## DATA BLOCK
◆ ◆ ◆
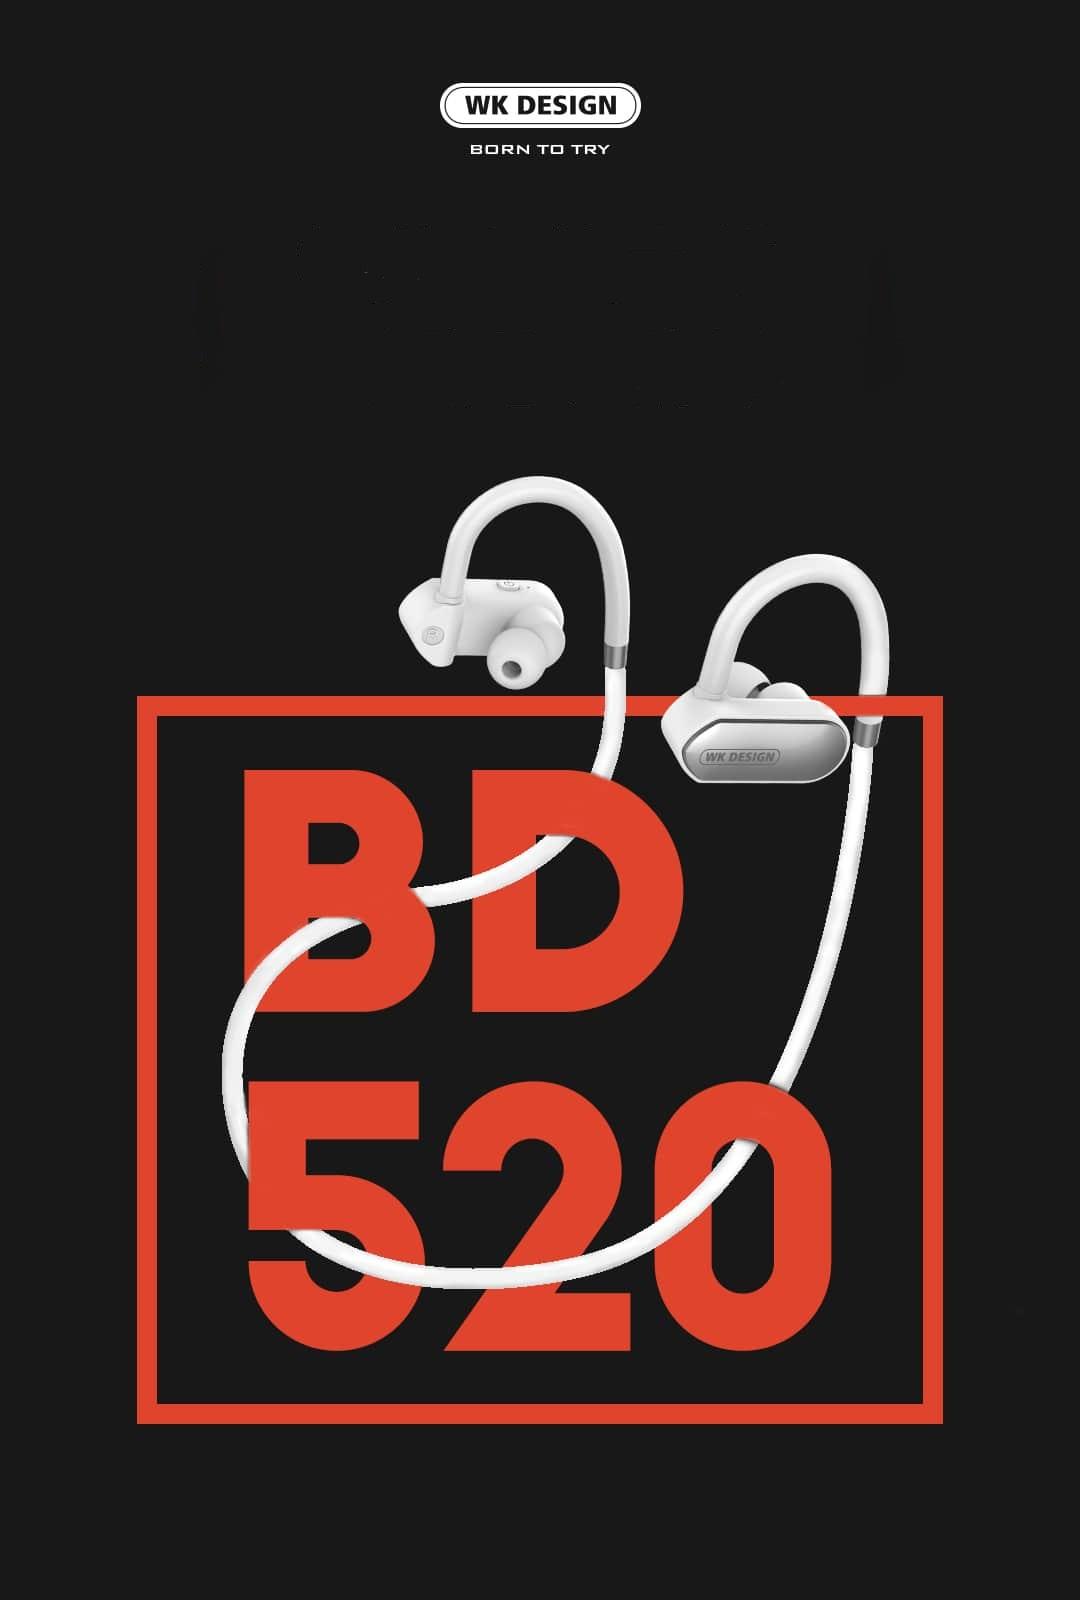 هدست بلوتوث WK BD550
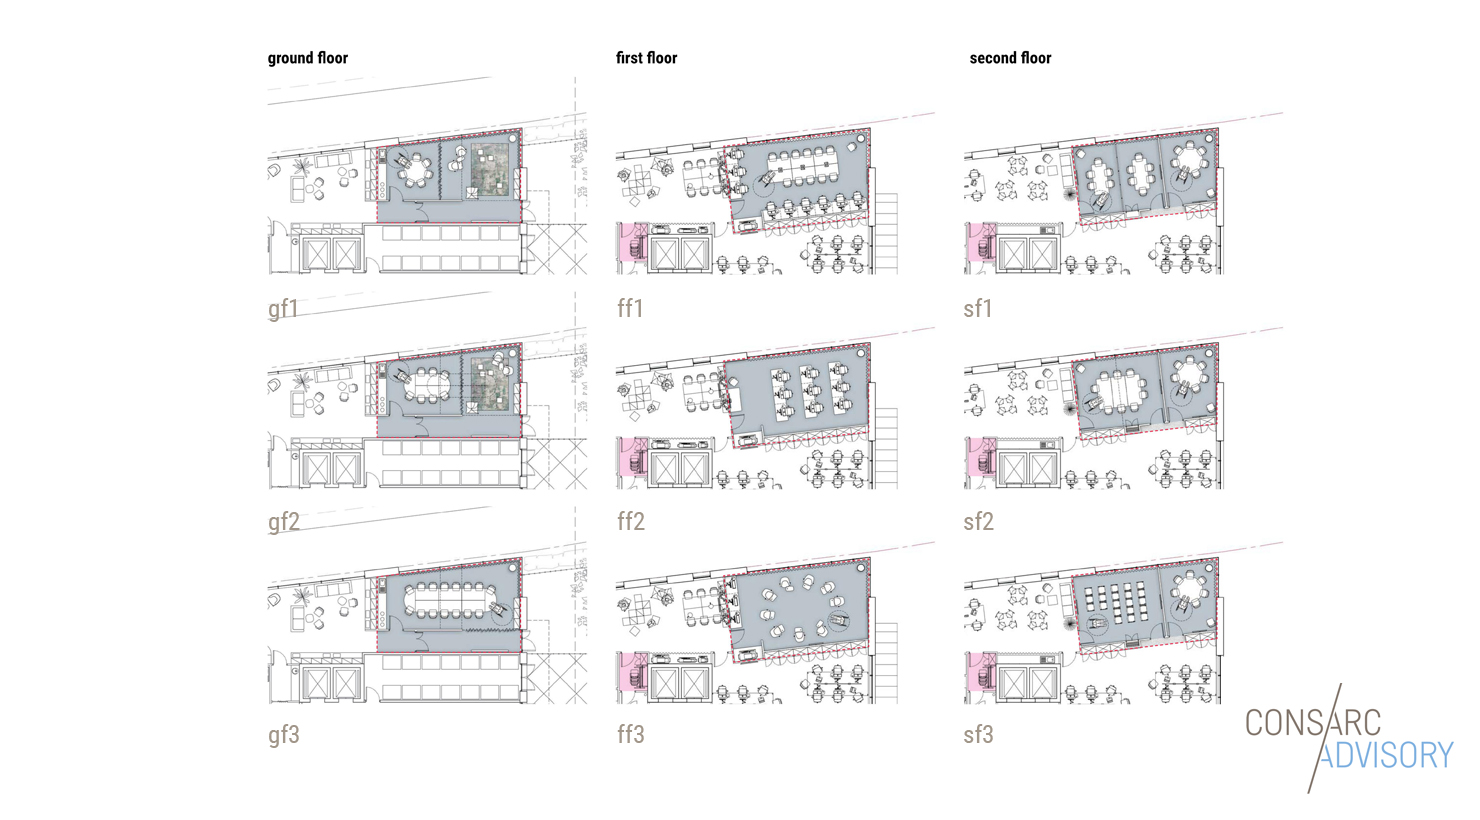 698 - Redbridge - 5 - multifunction plan b
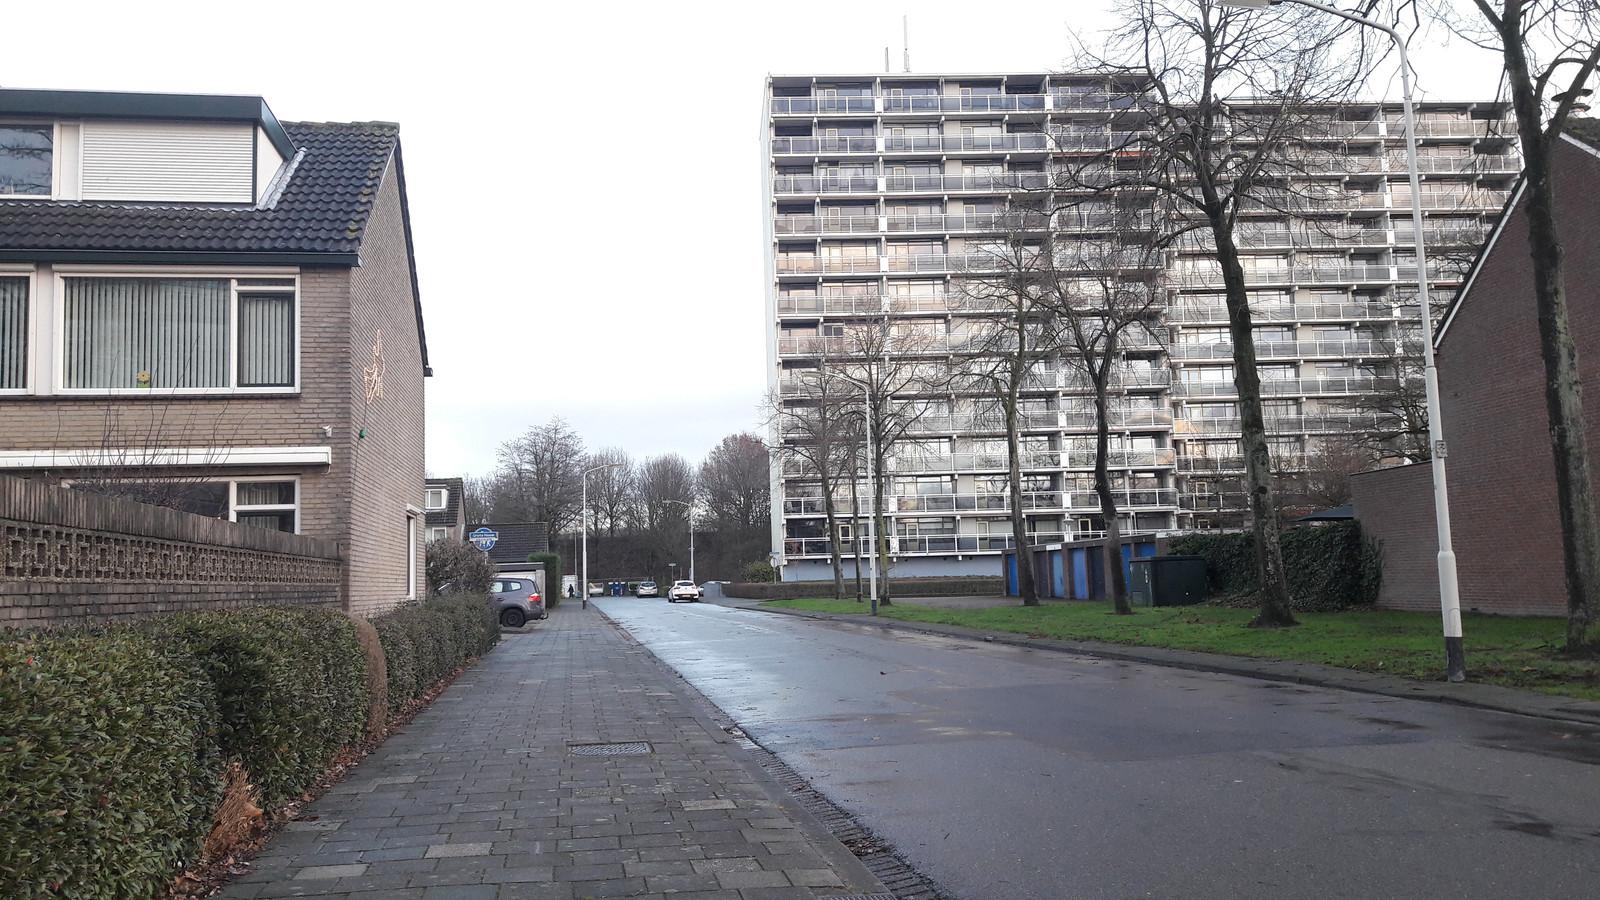 Wijk Heusdenhout in Breda, wijkbewoners kunnen zich uitspreken in enquete, onder meer over weinig sociale controle en slecht verlichte parkeerplekken.
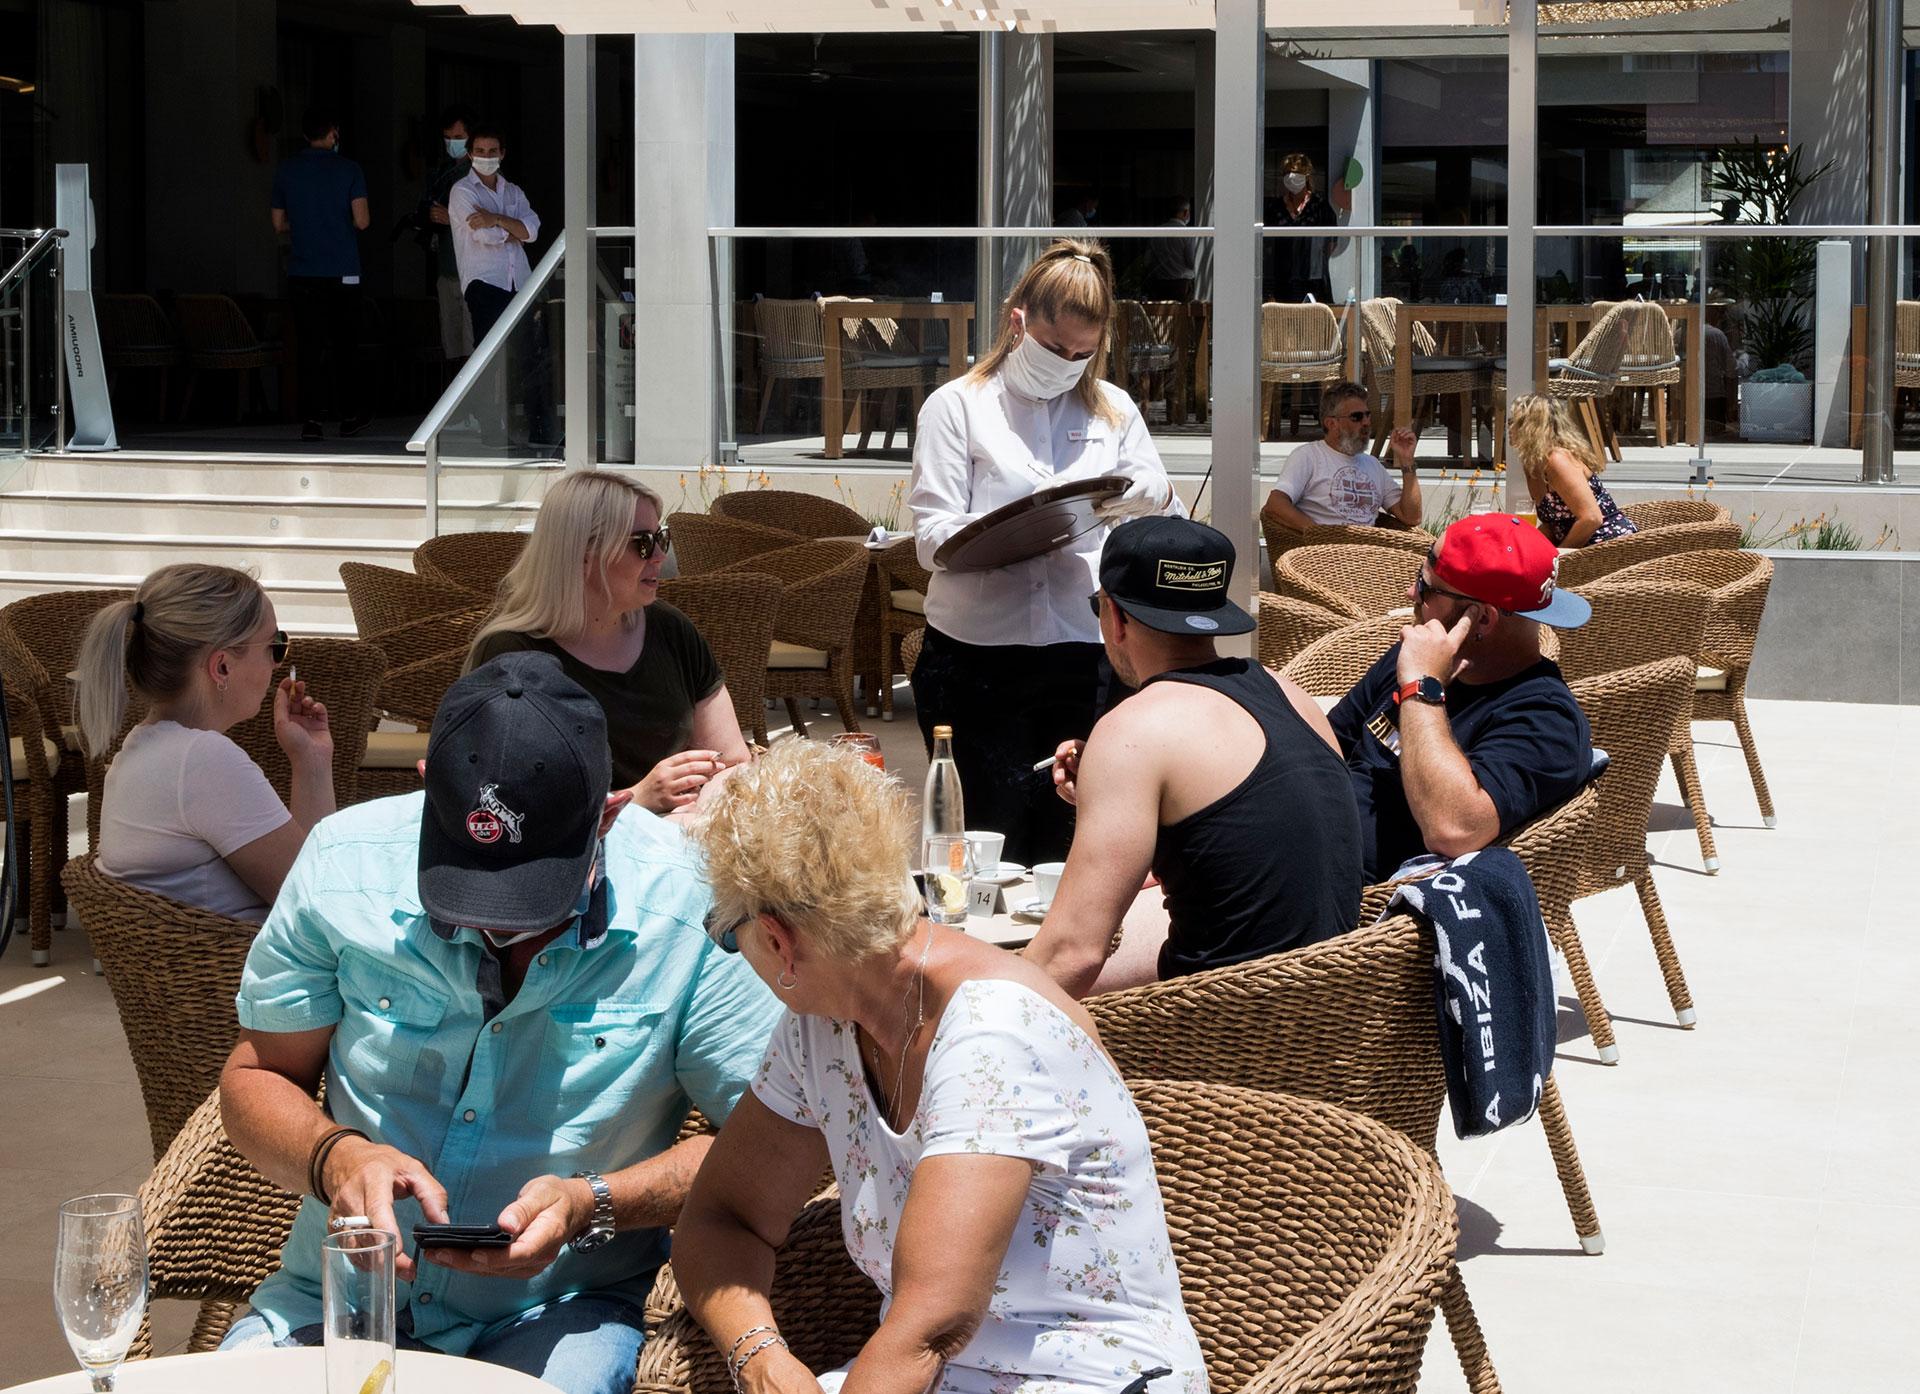 Turistas alemanes en el bar de un hotel en Palma de Mallorca.
◆ ◆ ◆
## WHAT YOU NEED TO DO
Please print the entire listing again exactly, minus its images.

## TASK ANSWER
 هدست بلوتوث WK BD550
 698 - Redbridge - 5 - multifunction plan b
 Wijk Heusdenhout in Breda, wijkbewoners kunnen zich uitspreken in enquete, onder meer over weinig sociale controle en slecht verlichte parkeerplekken.
 Turistas alemanes en el bar de un hotel en Palma de Mallorca.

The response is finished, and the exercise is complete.